**Items listed in a dataset:**
"""
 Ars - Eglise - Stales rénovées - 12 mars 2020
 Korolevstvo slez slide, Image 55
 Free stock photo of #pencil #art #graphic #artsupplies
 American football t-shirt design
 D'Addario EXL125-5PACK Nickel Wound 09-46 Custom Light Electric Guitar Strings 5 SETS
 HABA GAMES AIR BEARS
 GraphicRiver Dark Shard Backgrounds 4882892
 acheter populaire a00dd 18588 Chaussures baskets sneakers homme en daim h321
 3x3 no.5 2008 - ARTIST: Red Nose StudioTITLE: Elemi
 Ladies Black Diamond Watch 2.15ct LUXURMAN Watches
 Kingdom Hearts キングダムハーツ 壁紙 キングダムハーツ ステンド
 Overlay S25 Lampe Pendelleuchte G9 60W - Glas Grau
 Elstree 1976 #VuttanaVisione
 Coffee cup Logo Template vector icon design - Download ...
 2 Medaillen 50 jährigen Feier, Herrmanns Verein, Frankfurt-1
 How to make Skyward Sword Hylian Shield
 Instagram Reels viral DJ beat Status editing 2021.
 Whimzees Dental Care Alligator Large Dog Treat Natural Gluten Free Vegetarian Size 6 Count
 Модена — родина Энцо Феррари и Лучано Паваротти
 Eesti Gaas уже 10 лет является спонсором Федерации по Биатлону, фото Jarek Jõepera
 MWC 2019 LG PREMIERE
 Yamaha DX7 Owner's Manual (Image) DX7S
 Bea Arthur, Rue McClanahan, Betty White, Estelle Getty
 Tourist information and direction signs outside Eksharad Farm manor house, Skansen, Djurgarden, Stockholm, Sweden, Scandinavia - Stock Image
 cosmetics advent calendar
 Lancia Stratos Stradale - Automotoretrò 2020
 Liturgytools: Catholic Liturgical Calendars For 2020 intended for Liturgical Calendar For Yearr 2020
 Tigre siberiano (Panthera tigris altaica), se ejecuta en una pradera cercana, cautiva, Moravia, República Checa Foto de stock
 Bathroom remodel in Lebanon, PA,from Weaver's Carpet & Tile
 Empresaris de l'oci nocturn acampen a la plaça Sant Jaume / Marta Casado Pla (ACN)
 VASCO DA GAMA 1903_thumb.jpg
"""
**Exercise:**
Copy, exactly as written, the lines above, beginning with the one that contains "Liturgytools: Catholic Liturgical" and ending with the last.

**Answer section:**
 Liturgytools: Catholic Liturgical Calendars For 2020 intended for Liturgical Calendar For Yearr 2020
 Tigre siberiano (Panthera tigris altaica), se ejecuta en una pradera cercana, cautiva, Moravia, República Checa Foto de stock
 Bathroom remodel in Lebanon, PA,from Weaver's Carpet & Tile
 Empresaris de l'oci nocturn acampen a la plaça Sant Jaume / Marta Casado Pla (ACN)
 VASCO DA GAMA 1903_thumb.jpg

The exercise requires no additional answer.